1、青い時代
帝都近郊の地方都市、ここには帝都防衛の騎士団が配置されている。その本部に近い、石畳の湿った路地。軒先から垂れたつららが、街灯の鈍い光を吸って濁っている。
二十二歳のシモーヌは、マントの襟を立て、吐き出す息の白さに顔をしかめた。隣を歩く友人が「あそこの店、酒に水が混じってんだよな」、とどうでもいい不満を口にしていたが、シモーヌは生返事でやり過ごした。
娼館の階段はよく磨かれていた。 部屋には、獣脂の蝋燭と、化粧の匂いがこびりついている。ヴィオレッタは十六歳だった。猫のような瞳をしている。彼女が脱ぎ捨てた衣類からは、安っぽい香料と微かな汗の匂いが漂っている。
「……手が、冷たいわね」
ヴィオレッタがシモーヌの指先を包み込んだ。彼女の掌は、外の冷気とは対照的に、驚くほど熱を持っていた。シモーヌはその熱に、自分の輪郭が溶けていくような感覚を覚えた。彼女の手が彼の頬に触れる。
シモーヌは、テーブルに置かれた錫の酒器に目をやり、窓を開けて、屋根から伸びるつららを折り取った。
「お酒に入れるの? お腹壊すわよ、そんな汚いもの」
ヴィオレッタは笑いながら言った。シモーヌは窓の外から折ってきた氷の欠片を、安物の強い酒を注いだ酒器に落とした。 カチリ、と小さな音がした。

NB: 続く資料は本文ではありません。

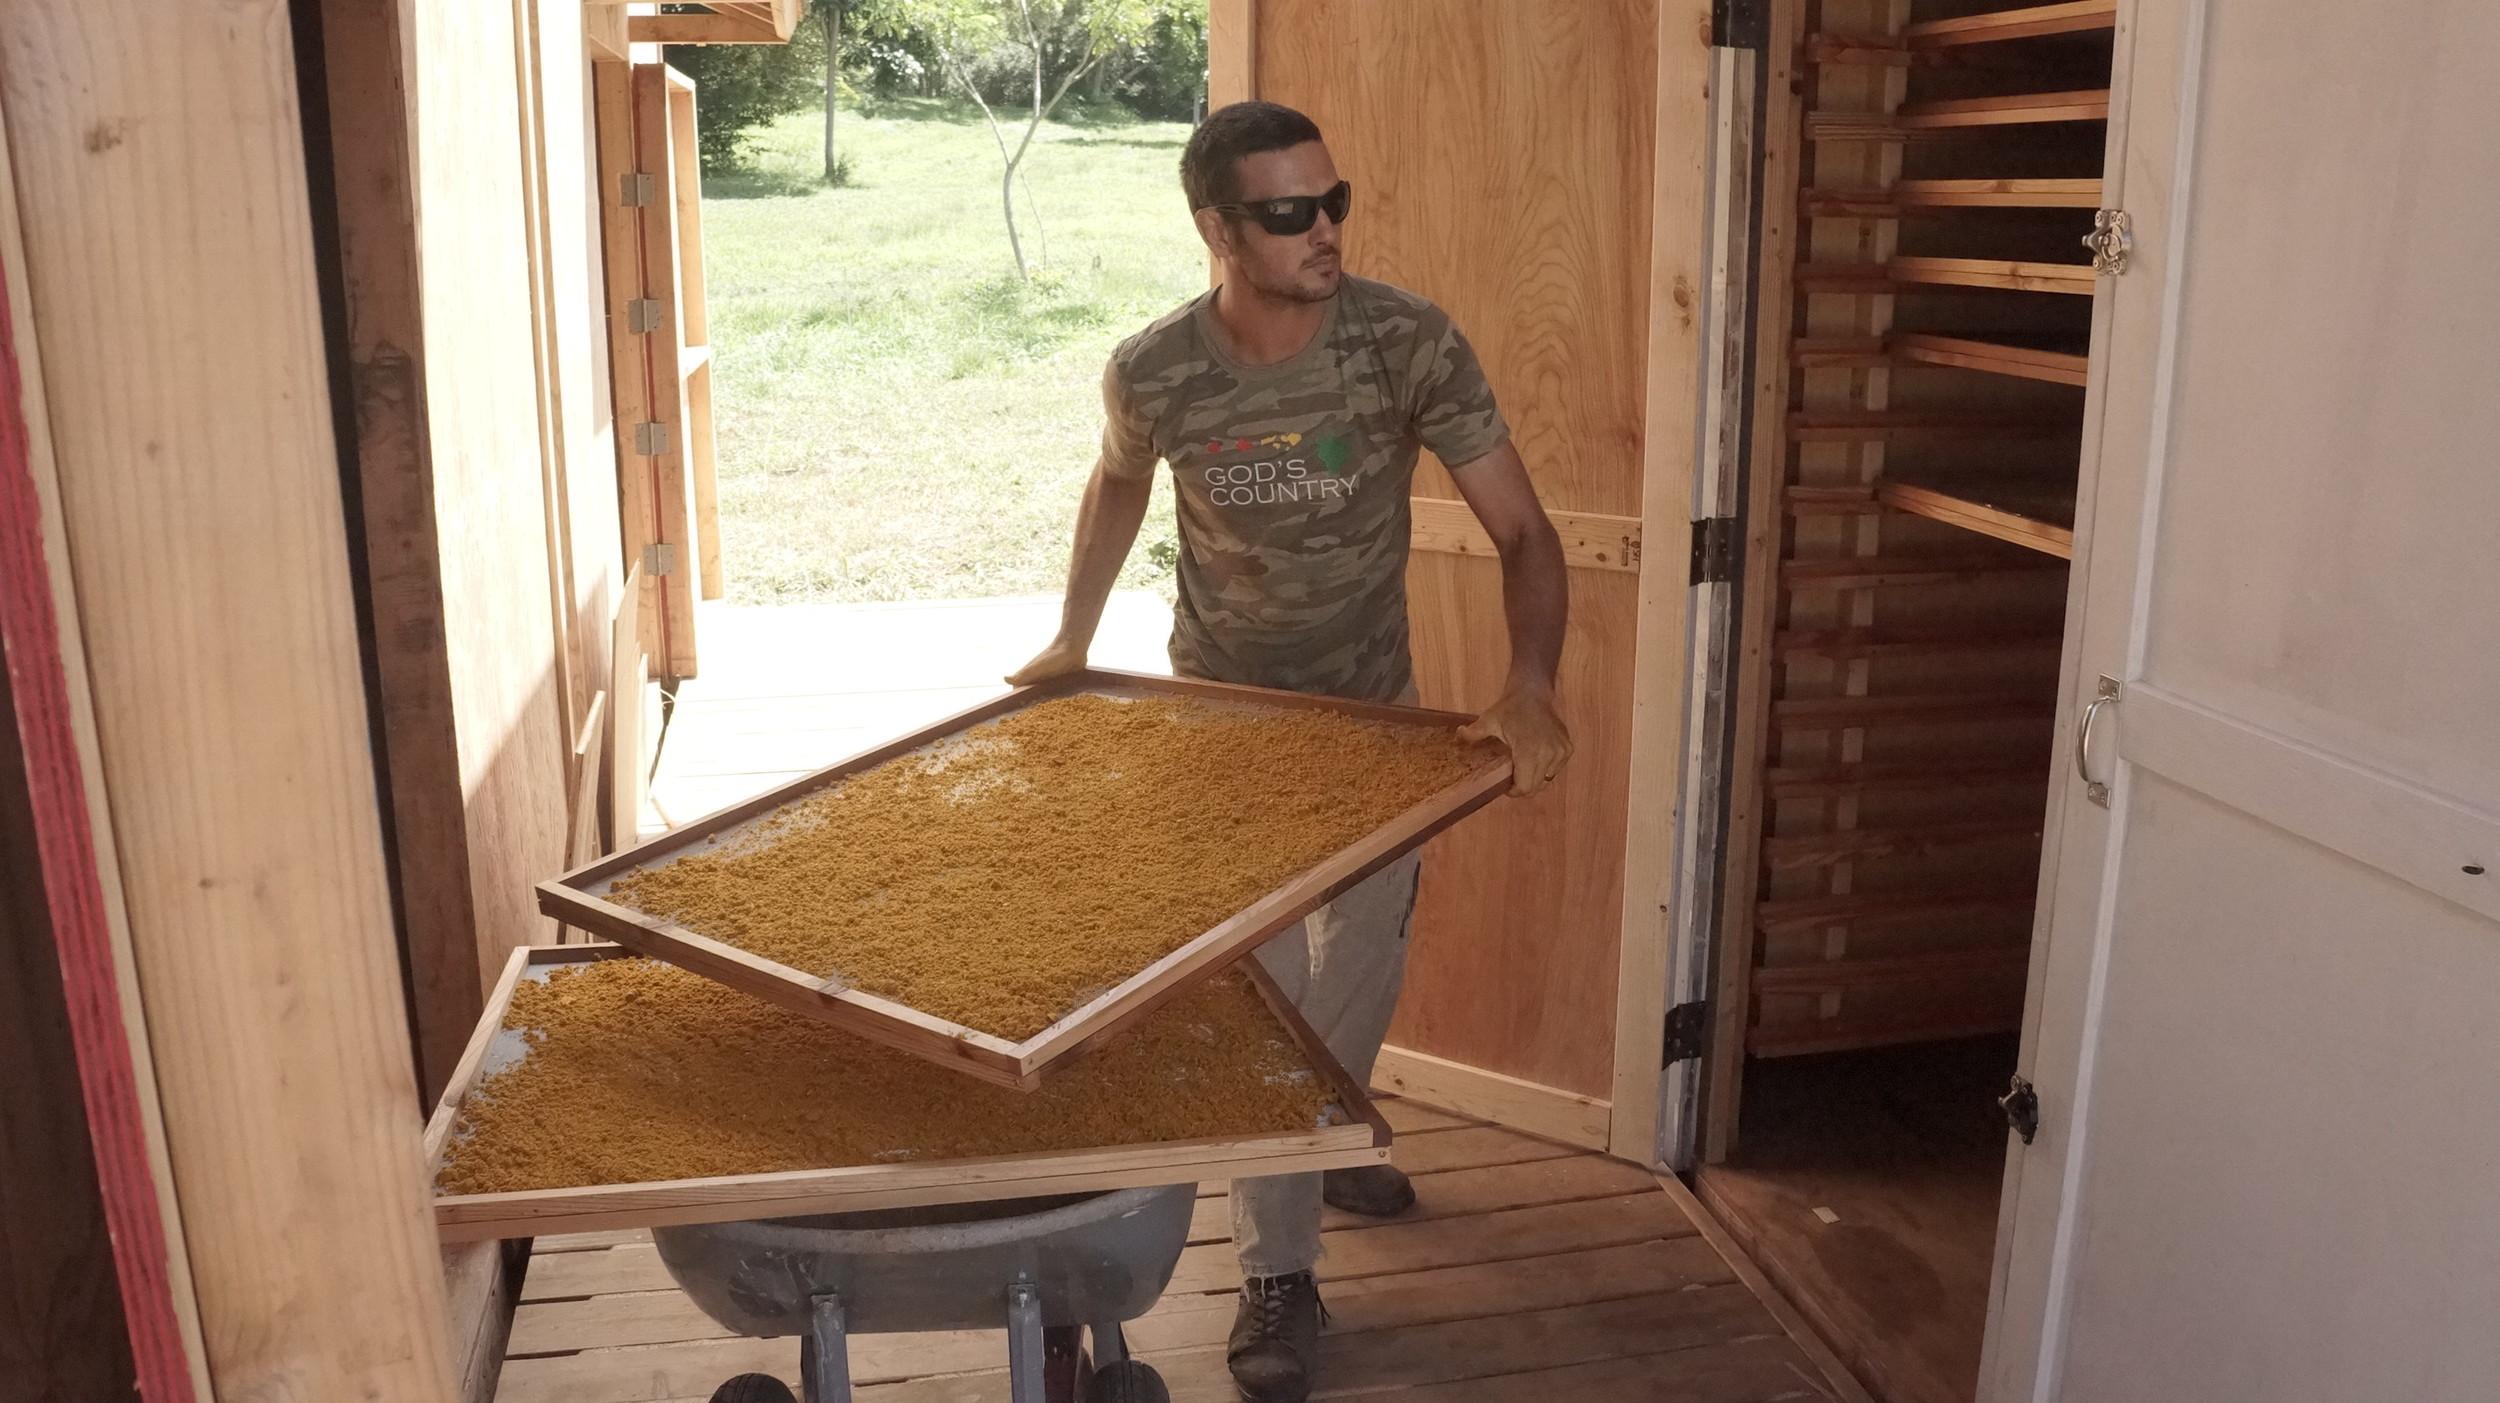 Aaron loading the solar dehydrator

「いつか、ちゃんとした氷を。透き通って、四角い、金持ちが使うようなやつをさ。二人で飲もう」
シモーヌの言葉に、ヴィオレッタは答えなかった。ただ、酒器をとり、酒を含んだ自分の唇を、彼の唇に押し当てた。喉の奥が焼けるようなアルコールの苦味と、彼女の粘膜の柔らかさが混ざり合った。
翌月、騎士団長に呼び出された。
「名門の令嬢だ」
差し出された肖像画の女は、額縁の中で正しく微笑んでいた。団長は茶を啜った。
「お前の才能を、あそこの家系は欲しがっている。悪い話じゃないだろう」
窓の外を見ながら言った。部屋には上質な香木の香りが漂い、シモーヌの着ているマントの素材の粗さが、ひどく浮いて見えた。
東方の新興国との戦線への出征が決まった前夜。 部屋の空気は、いつもより重く、湿っていた。お互い別れを覚悟したまま、夜を過ごした。
翌朝、灰色の空から雪が降り始めていた。
「向こうの冬は、もっと厳しいらしい」
シモーヌがブーツに拍車をつけながら、脈絡もなく言った。ヴィオレッタはベッドの端に座り、自分の爪を、ただ眺めていた。
「忘れ物はない?」
「……ああ」
「そう。気をつけて」
それだけだった。「待っている」とも「帰ってくる」とも言わなかった。娼館を出て、シモーヌは一度だけ、彼女の部屋の窓を見上げたが、カーテンの隙間から何かが動く気配はなかった。馬の蹄が跳ね上げる泥の冷たさが、脛にこびりついた。
東方の新興国との国境線では、城砦の防衛、機動戦で日々が過ぎた。新しい国だからか、戦争の常道が通じなかった。同輩たちは伝統のない国の軍隊を馬鹿にしていたが、帝国の被害は拡大した。
シモーヌは、部下が死ぬたびに事務的な報告書を書き、空いた席を埋めるために戦術を組み直した。最初の戦功は、この戦場であげた。
その後は妻の実家の引きもあり、昇進し、功績を立てるたびに、胸元の勲章が増え、布地が重くなっていった。ついには公爵位まで授与された。
一度、ヴィオレッタに手紙を書こうとしたことがあった。しかし出世のために結婚した自分には、あの幸せだった時代を思い出す資格なんてなかった。彼女の名前だけ書いて、あとは一行も書くことができなかった。
シモーヌは一度も、あの路地へは戻らなかった。 時折、遠くで氷が割れるような音が聞こえると、彼は無意識に自分の指先をさすった。そこにはもう、何の熱も残っていなかった。